The point where it all becomes really interesting, though, is that not only does this diversity derive from a single point, but it is actually nested within the genus Cottus! This had previously been suggested by Kontula et al. (2003), and so Yokoyama & Goto (2005) took the opportunity to test Kontula et al.'s results against their more extensive dataset by including the data from the earlier study. While support was not impressive, the Baikalian radiation seems to be nested within Yokoyama & Goto's clade E.
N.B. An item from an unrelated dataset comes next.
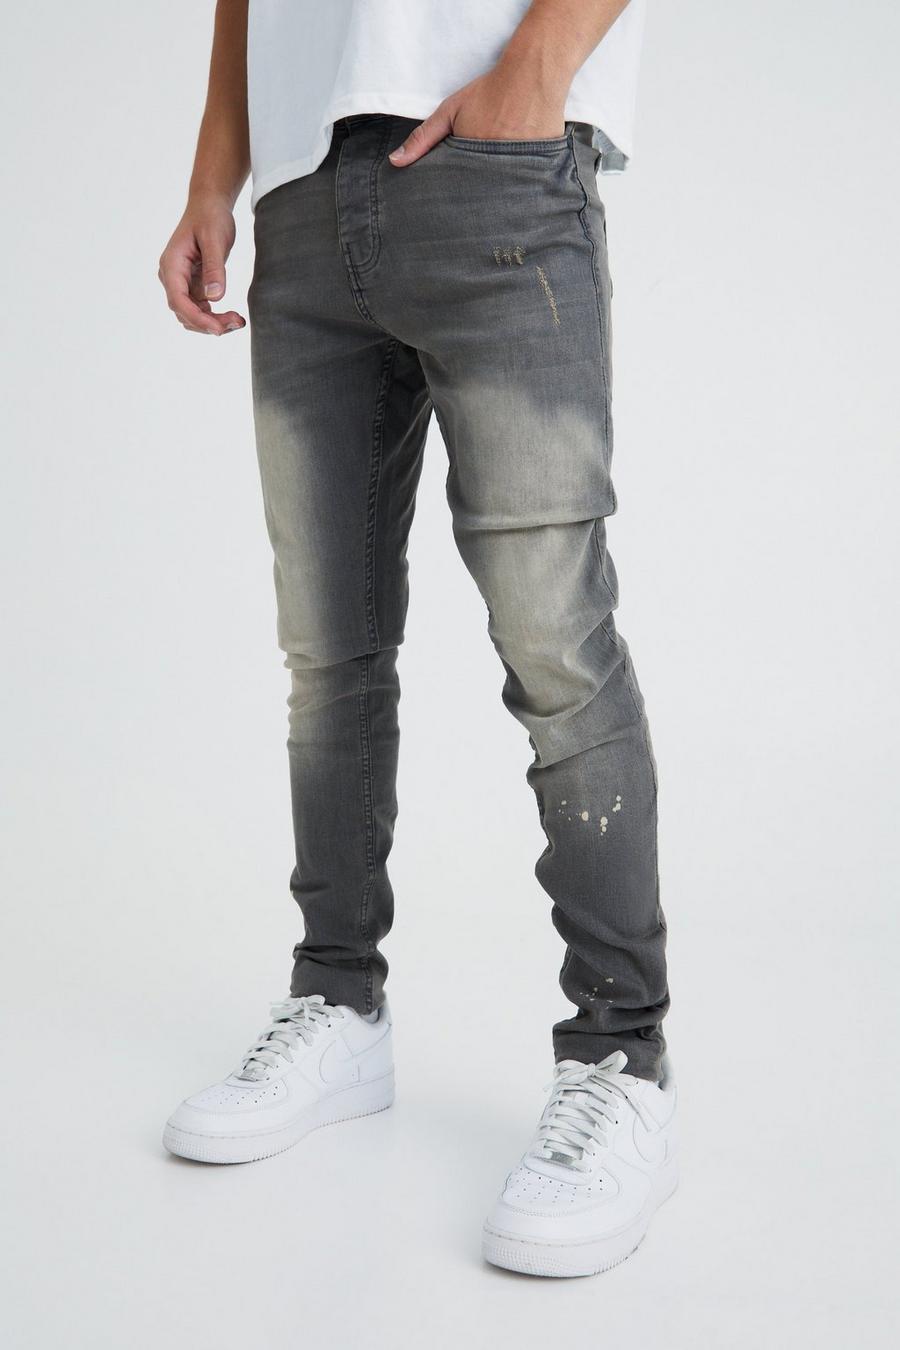 Grey Skinny Stretch Stacked Tinted Jeans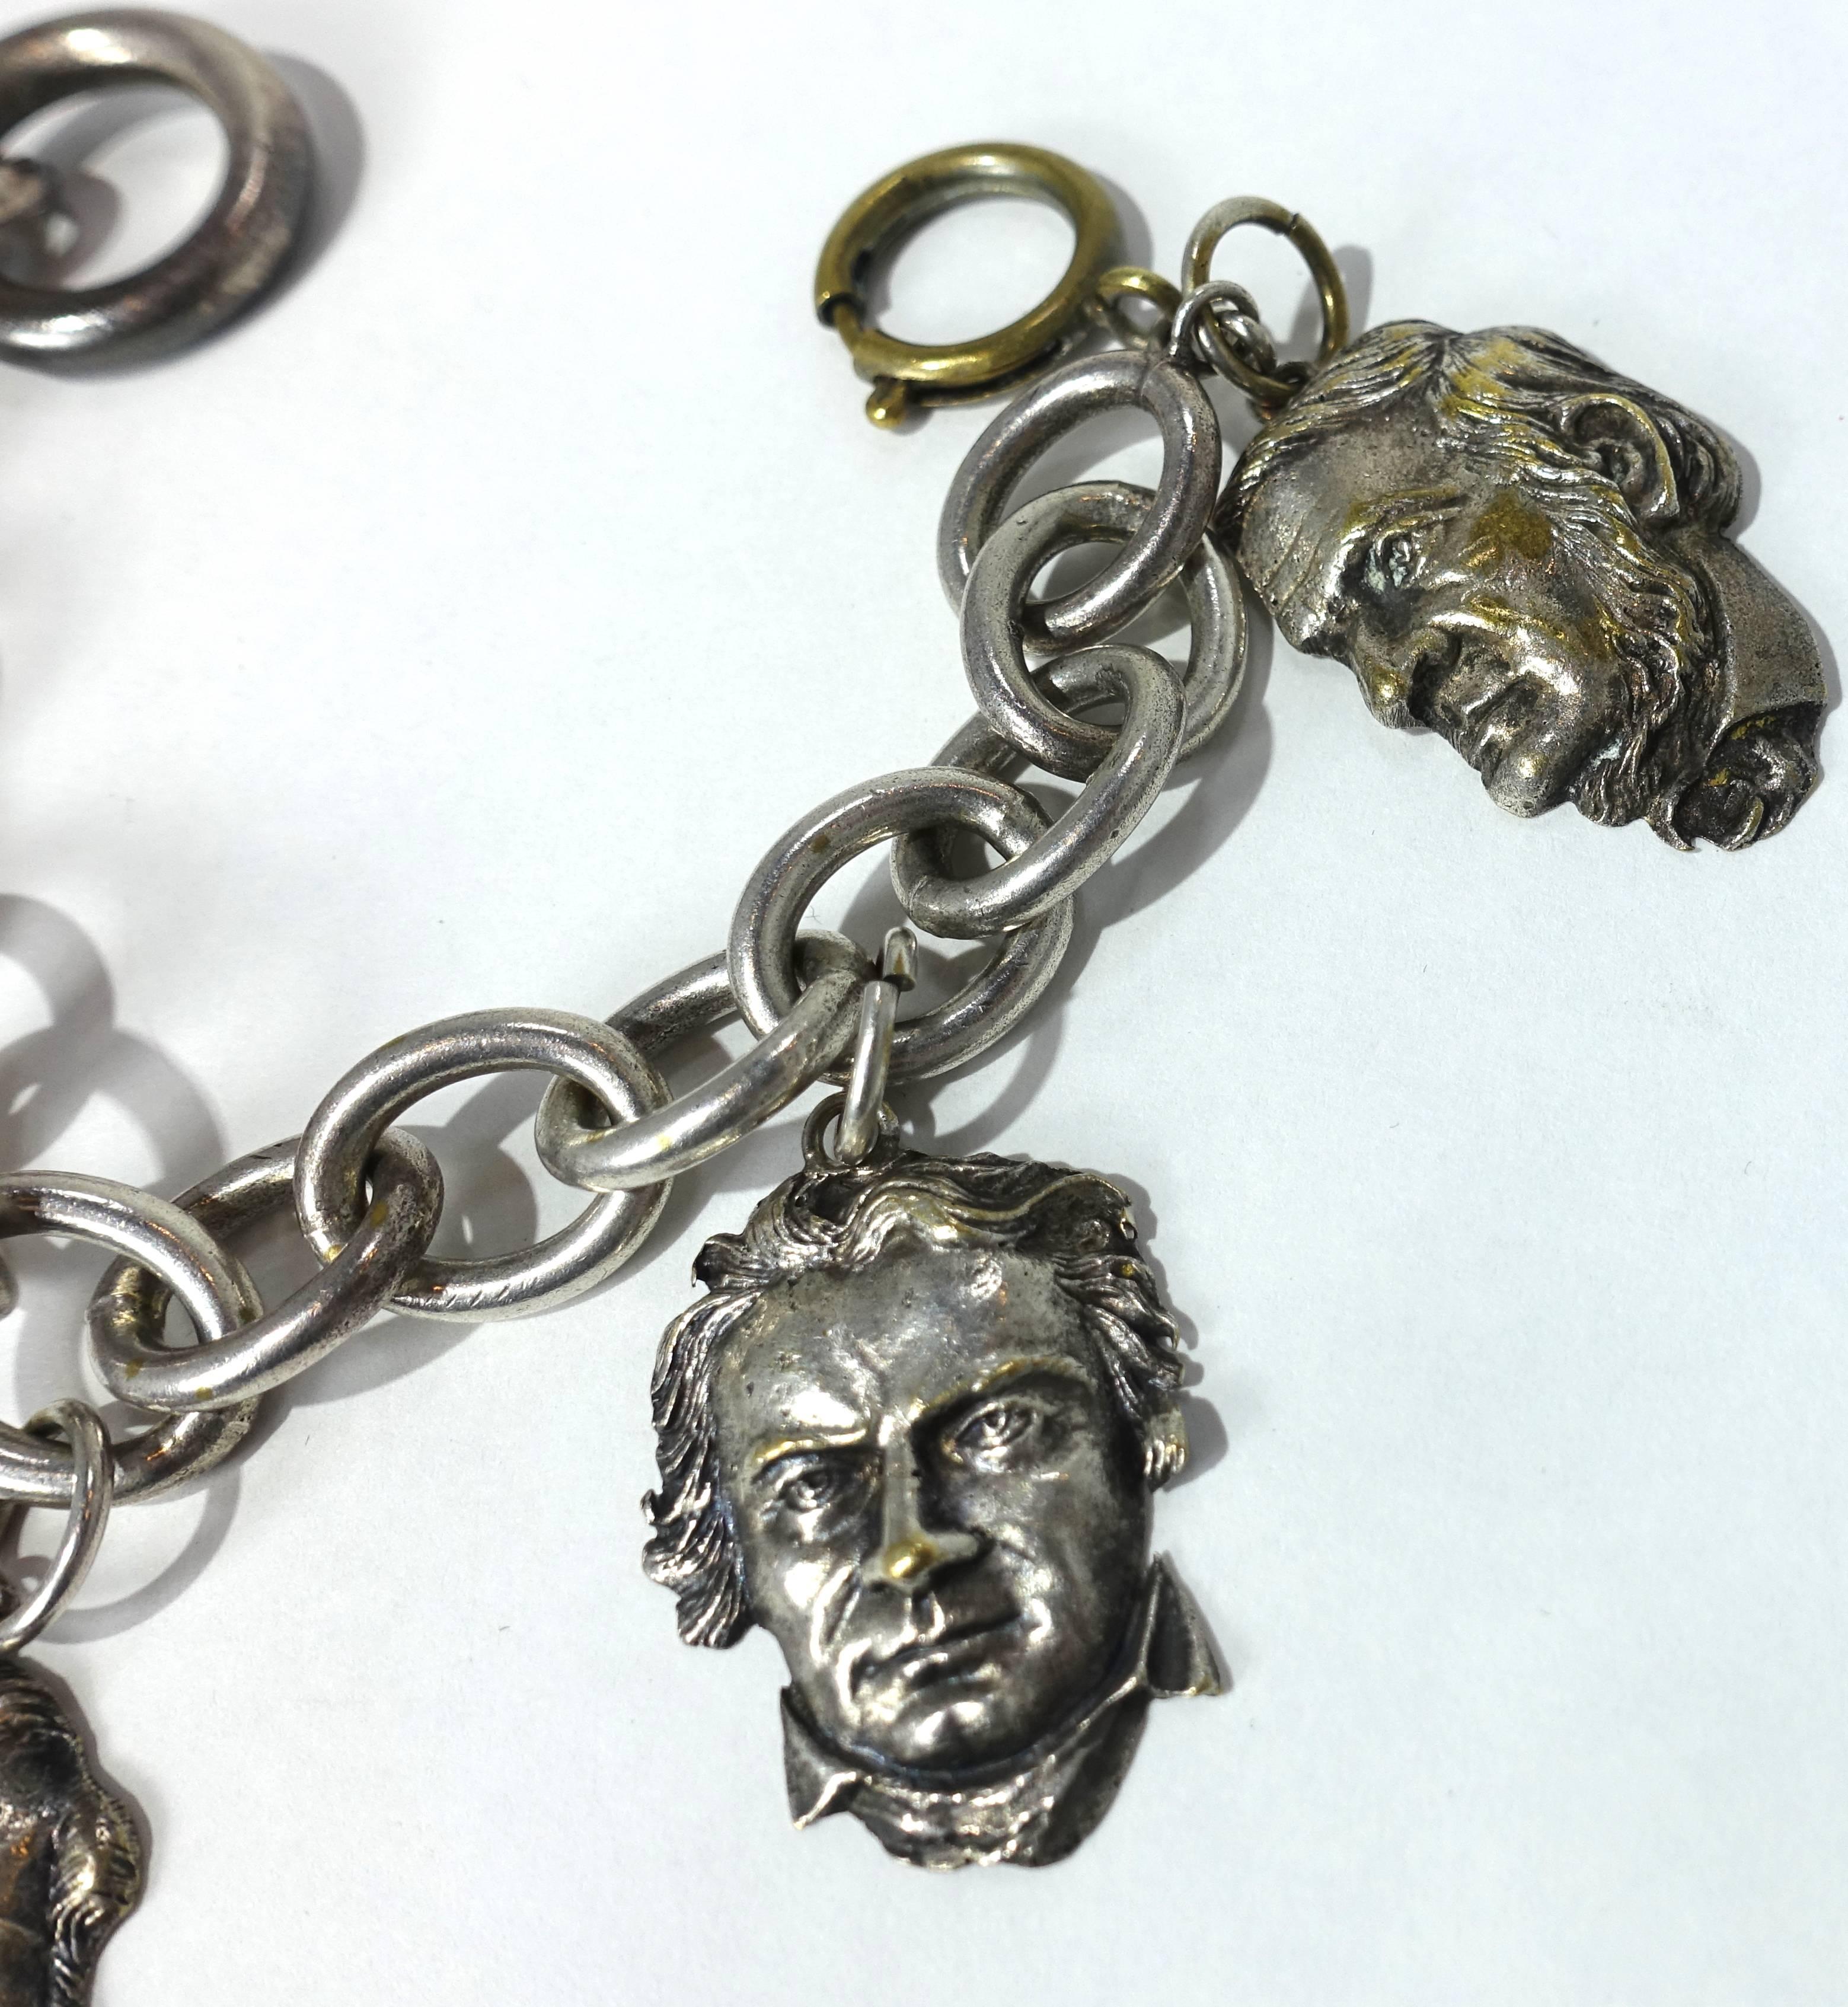 Classical music lovers must see this. This vintage bracelet features 5 charms each with an image of the classical composers on one side and his name and birth/death dates on the other.  Composers are Mozart, Bellini, Beethoven, Gounod and Wagner.

As usual, though, I did come away from this paper with a few questions. Yokoyama and Goto used only one marine species and a member of Myoxocephalus as outgroups, and while they did find the Trachidermus + Rheopresbe clade as sister to the freshwater-spawning clade, support was very low and the position was not statistically supported. Is there actually a direct connection between these two clades, or did the catadromous species gain their freshwater lifestyle independently from the freshwater species? Answering this question will be vital to understanding what (if any) role catadromy may have played in the transition of the ancestors of Cottus from marine to freshwater habitats. And what of the untested freshwater Mesocottus haitej? Does this Siberian species represent another independent movement into freshwater, or does the paraphyly of Cottus extend even further?
REFERENCES
Kontula, T., S. V. Kirilchik & R. Väinölä. 2003. Endemic diversification of the monophyletic cottoid fish species flock in Lake Baikal explored with mtDNA sequencing. Molecular Phylogenetics and Evolution 27 (1): 143-155.
Shedko, S. V., & I. L. Miroshnichenko. 2007. Phylogenetic relationships of sculpin Cottus volki Taranetz, 1933 (Scorpaeniformes, Cottidae) according to the results of analysis of control region in mitochondrial DNA. Voprosy Ikhtiologii 47 (1): 27-30 (transl. Journal of Ichthyology 47 (1): 21-25).